E3SM
E3SM copied to clipboard
segfault with various DEBUG land cases
When I try to run a recent test added to nightly set (which is ERS) in DEBUG, I see segfaults on cori-haswell and cori-knl using either Intel or GNU.
SMS_D.hcru_hcru.I20TRGSWCNPRDCTCBC.cori-haswell_intel.elm-erosion
SMS_D.hcru_hcru.I20TRGSWCNPRDCTCBC.cori-haswell_gnu.elm-erosion
SMS_D.hcru_hcru.I20TRGSWCNPRDCTCBC.cori-knl_inel.elm-erosion
SMS_D.hcru_hcru.I20TRGSWCNPRDCTCBC.cori-knl_gnu.elm-erosion
I only get a stack trace with one of those -- cori-haswell and Intel. The GNU cases do not give a stack trace, so assuming it is failing on same line. Same for cori-knl/Intel -- fails without a stack.
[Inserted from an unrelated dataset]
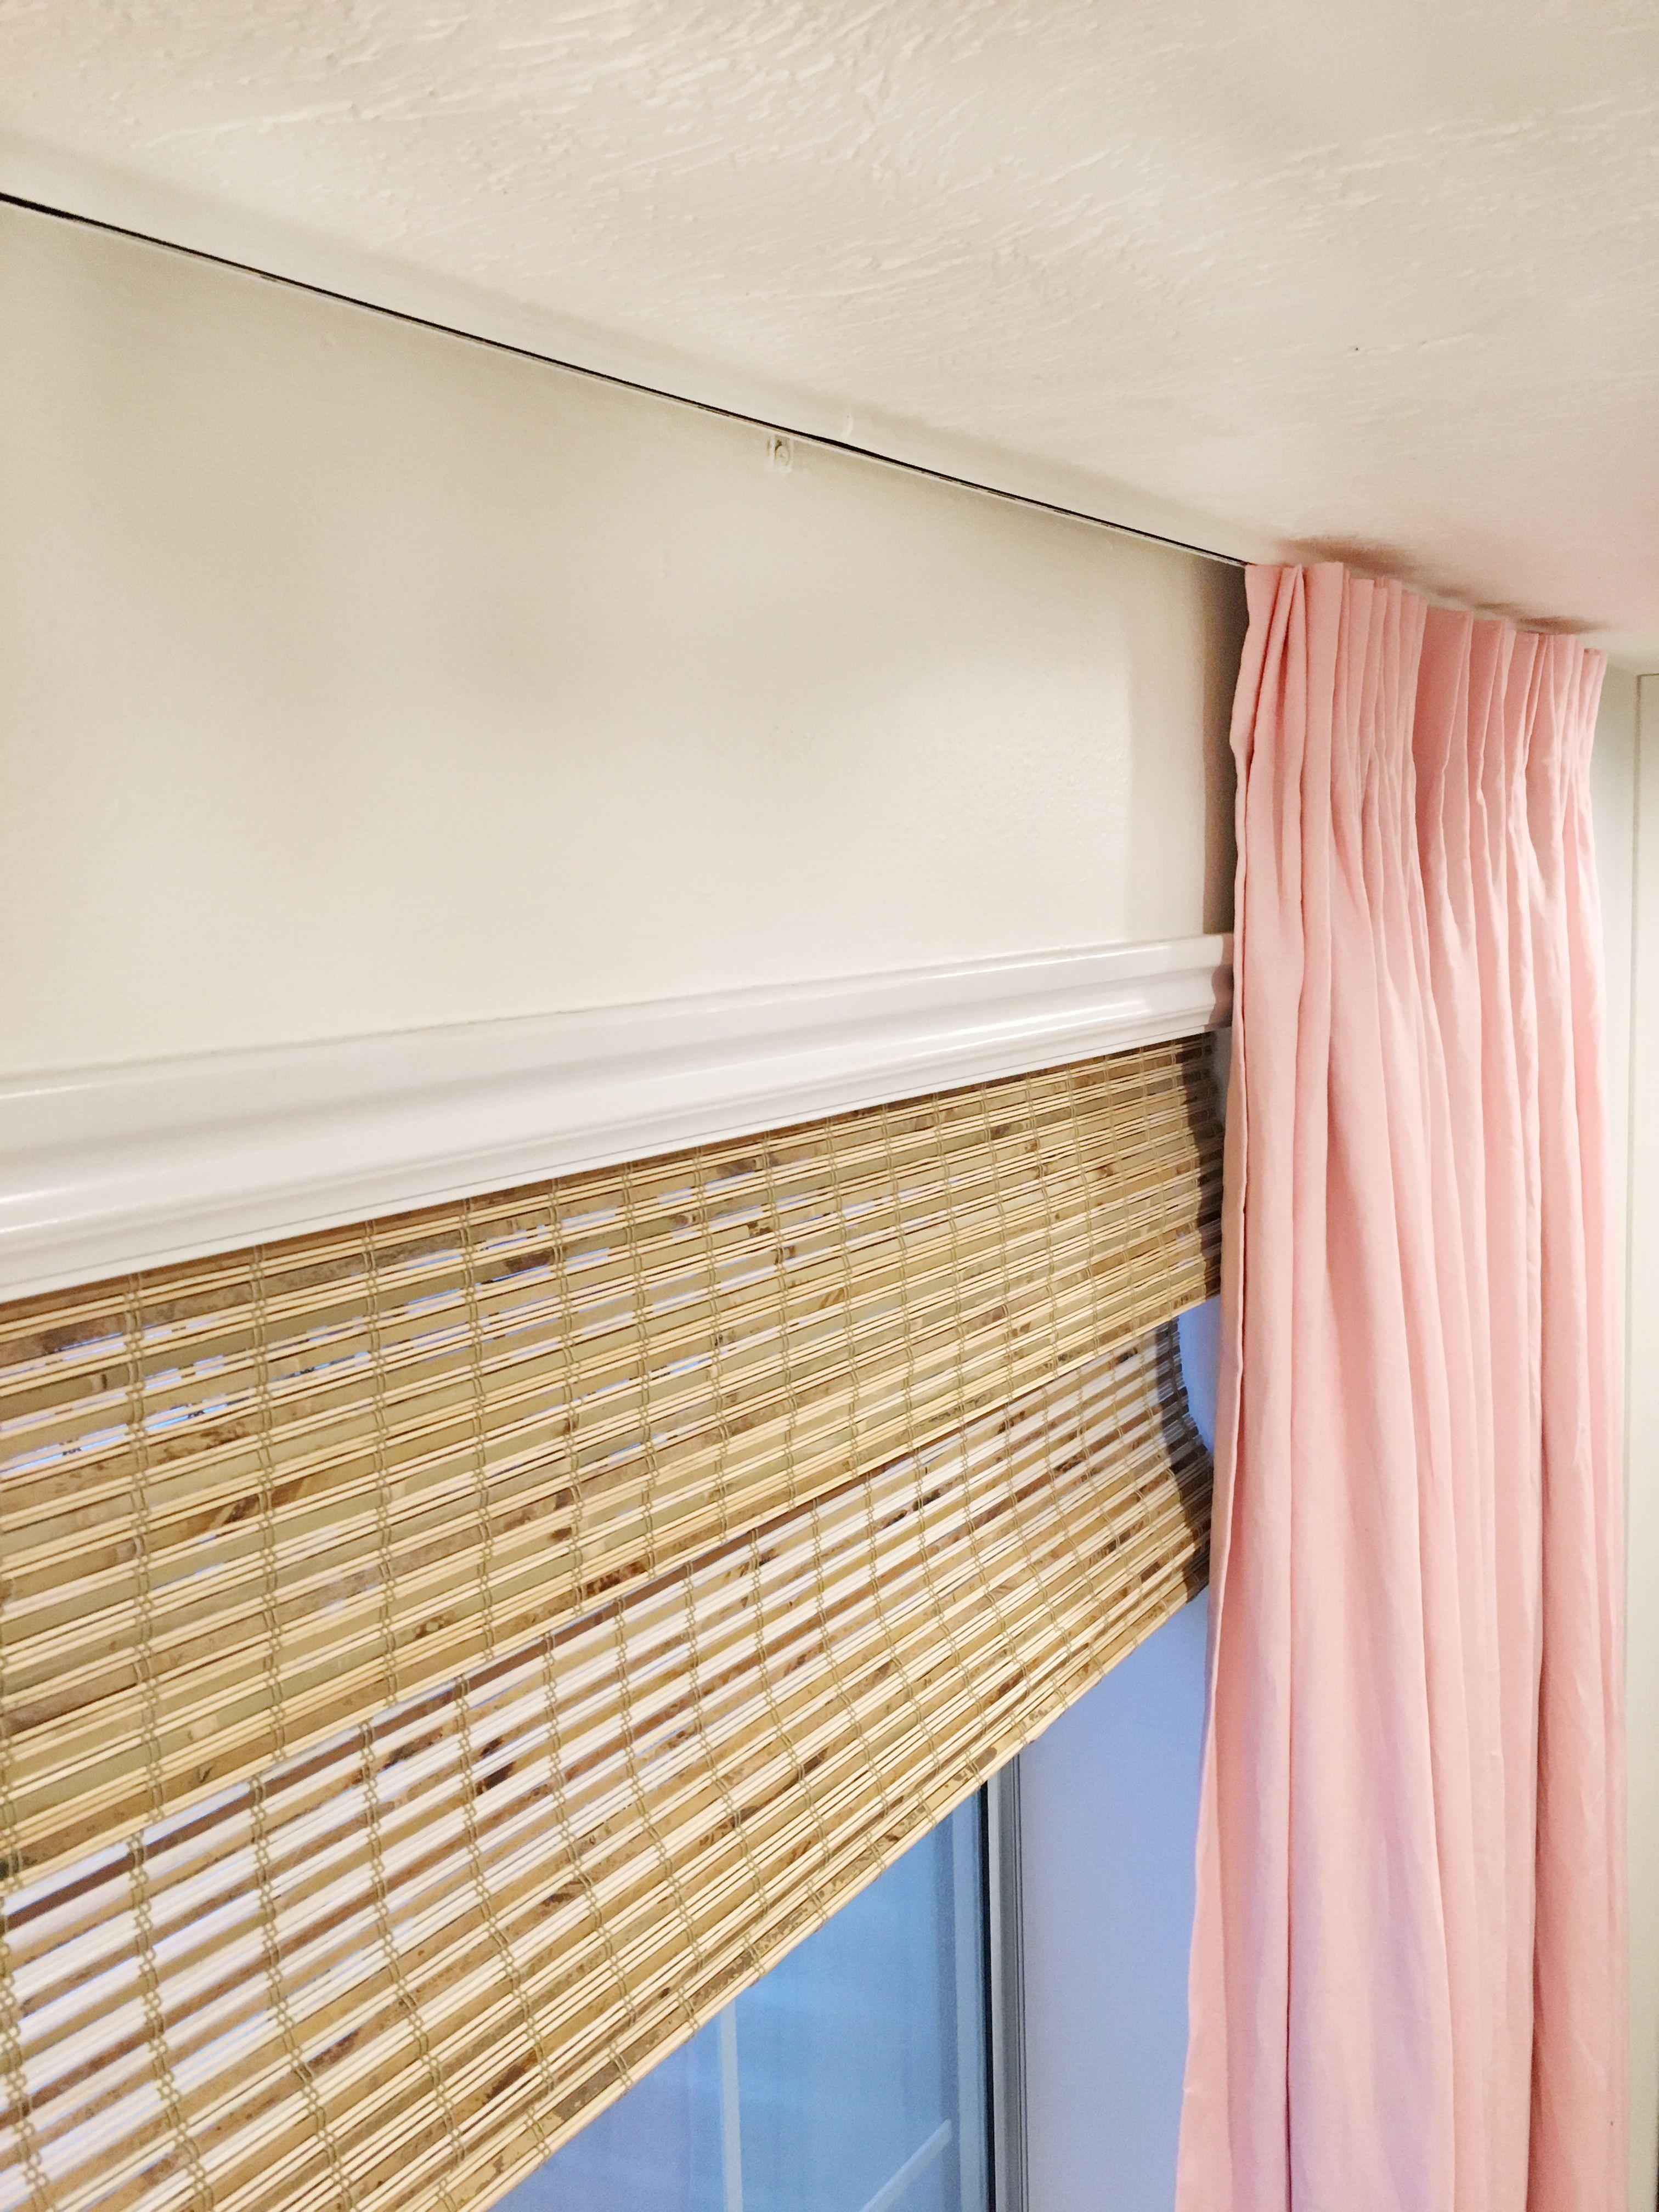 A Ceiling Mount Curtain Rod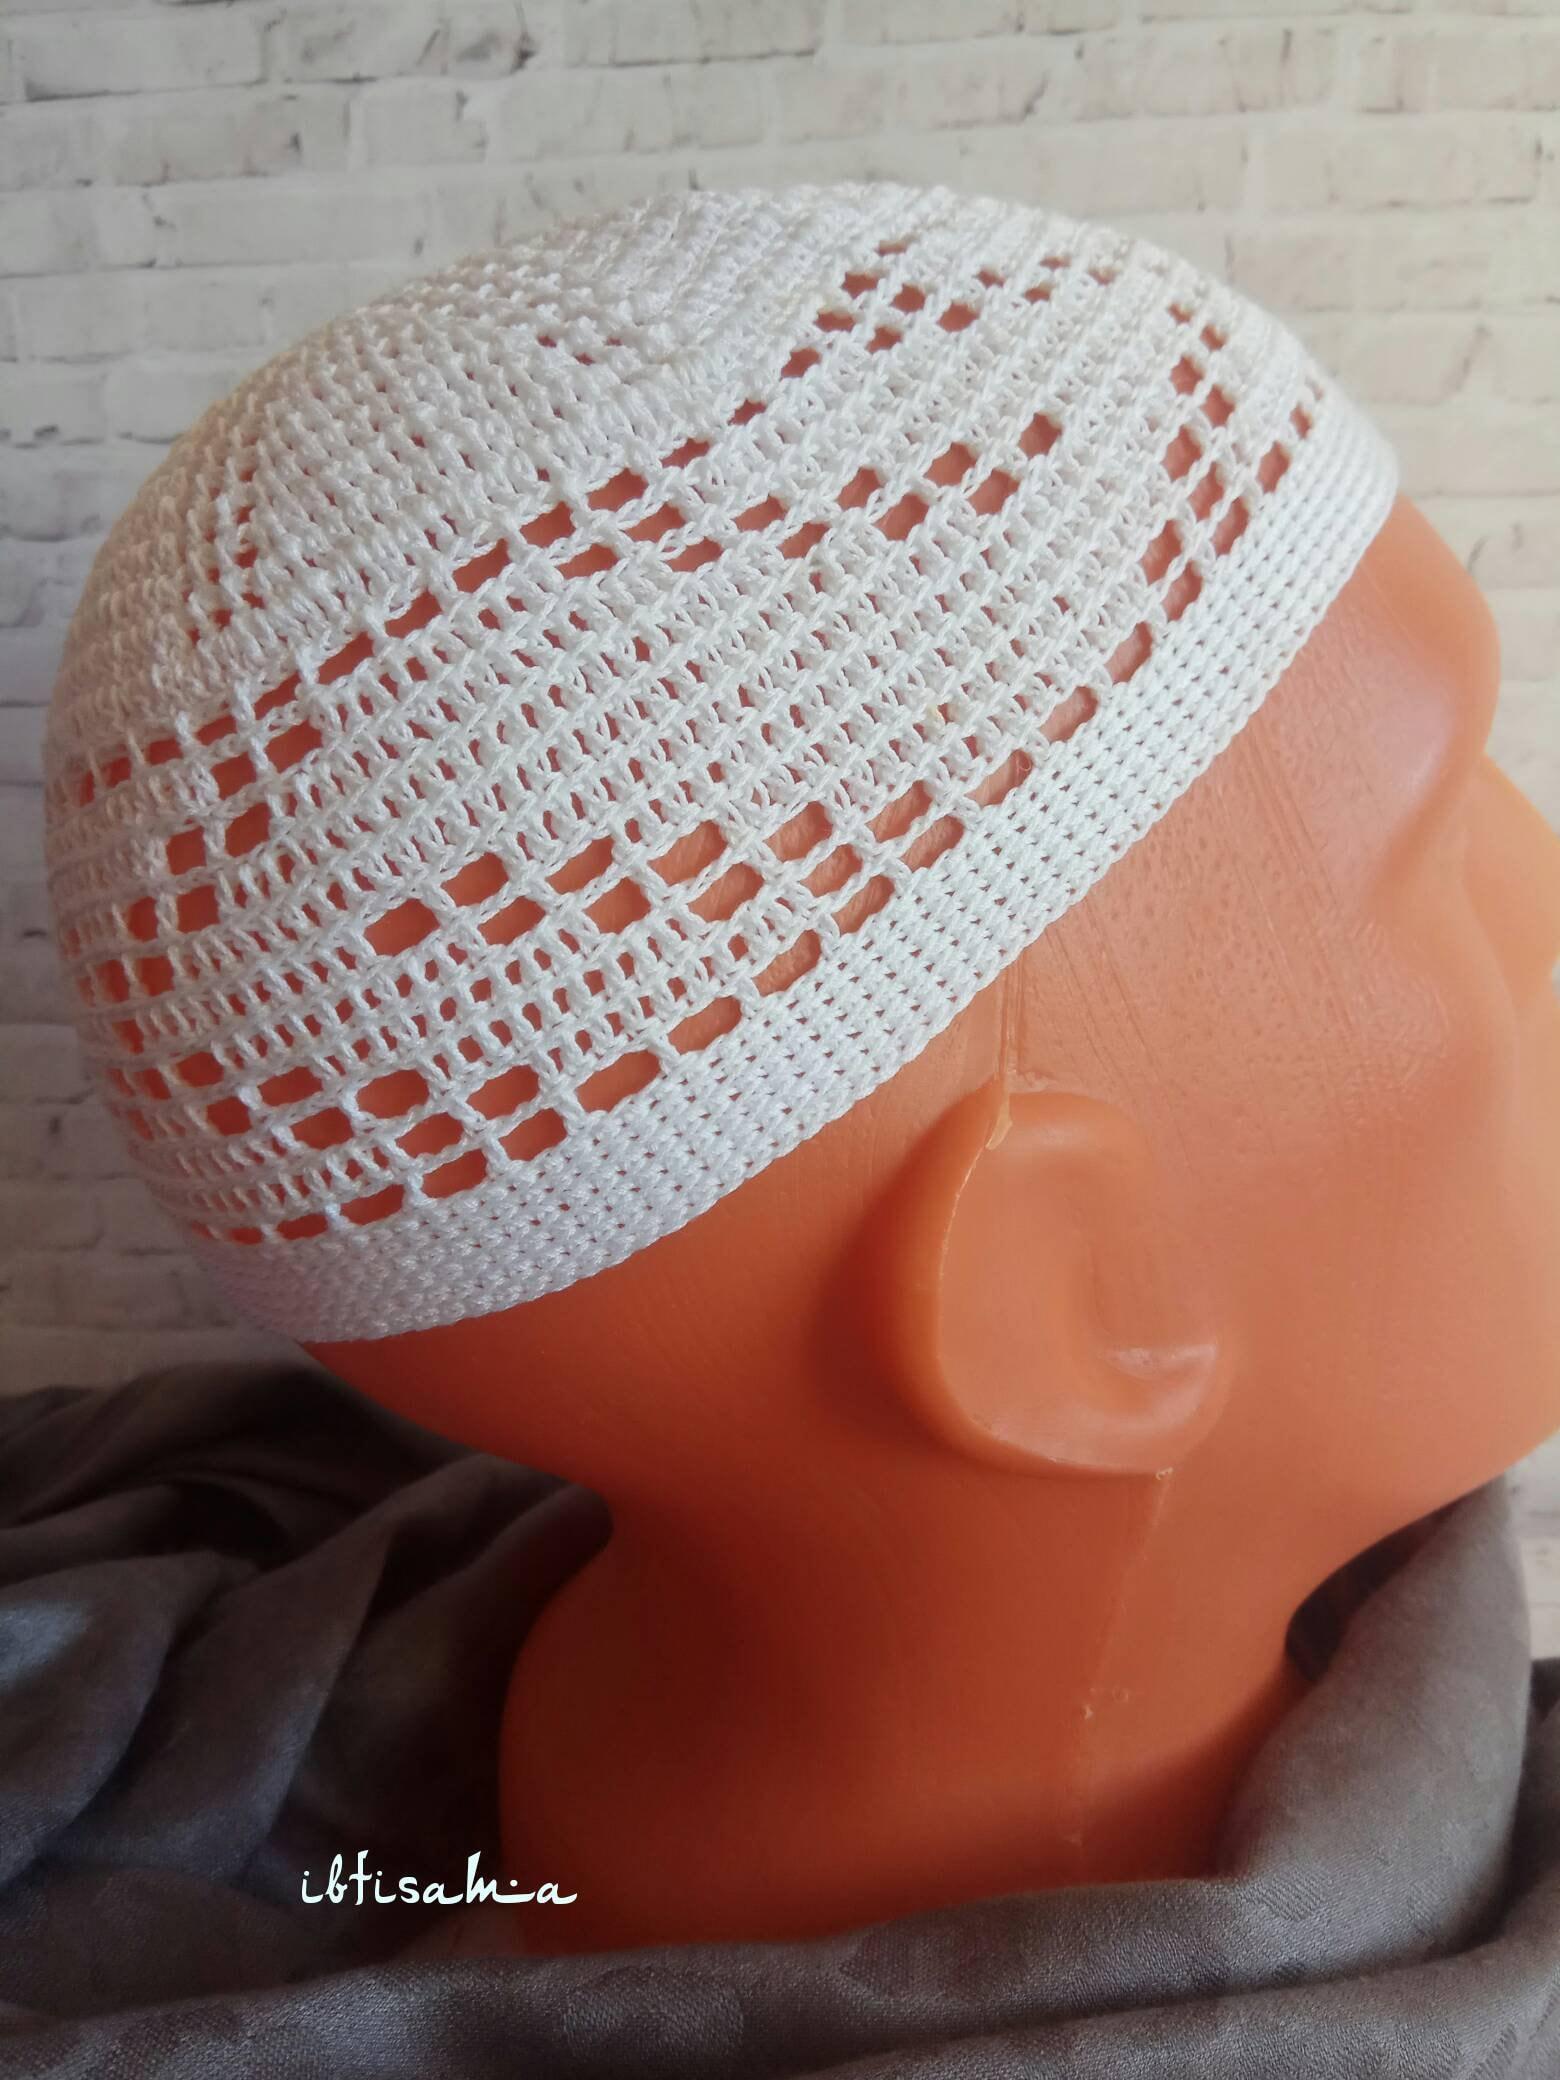 0dbe2d7dfa8 Muslim hat cotton skull cap kufi hat men beanie crochet kufi etsy jpg  1560x2080 Muslim hats

165: forrtl: error (65): floating invalid
165: Image PC Routine Line Source
165: e3sm.exe 00000000070C9944 Unknown Unknown Unknown
165: e3sm.exe 00000000069F4620 Unknown Unknown Unknown
165: e3sm.exe 0000000000ECF35A subgridavemod_mp_ 1075 subgridAveMod.F90
165: e3sm.exe 0000000002B0EC27 cnpbudgetmod_mp_c 1148 CNPBudgetMod.F90
165: e3sm.exe 0000000002B0E20C cnpbudgetmod_mp_c 1085 CNPBudgetMod.F90
165: e3sm.exe 000000000096E160 elm_driver_mp_elm 578 elm_driver.F90
165: e3sm.exe 00000000009097CB lnd_comp_mct_mp_l 508 lnd_comp_mct.F90
165: e3sm.exe 000000000047C632 component_mod_mp_ 751 component_mod.F90
165: e3sm.exe 0000000000439C2C cime_comp_mod_mp_ 2891 cime_comp_mod.F90
165: e3sm.exe 0000000000463FAC MAIN__ 153 cime_driver.F90
165: e3sm.exe 0000000000402102 Unknown Unknown Unknown
165: e3sm.exe 000000000723AA8F Unknown Unknown Unknown
if (carr(c) /= spval .and. scale_c2l(c) /= spval .and. scale_l2g(l) /= spval) then
I knew issue looked familiar. Same as https://github.com/E3SM-Project/E3SM/issues/3786 and will close
Reopening this issue and will close the others that are older and perhaps more confusing.
Other tests known to hit same error:
SMS_D_PMx1.f19_g16.I1850CNECACNTBC.cori-knl_intel
SMS_D.f19_g16.I1850CNECACNTBC.cori-knl_intel
Should be the same as Issue #4820 . Pretty much none of the land tests can be run in DEBUG mode.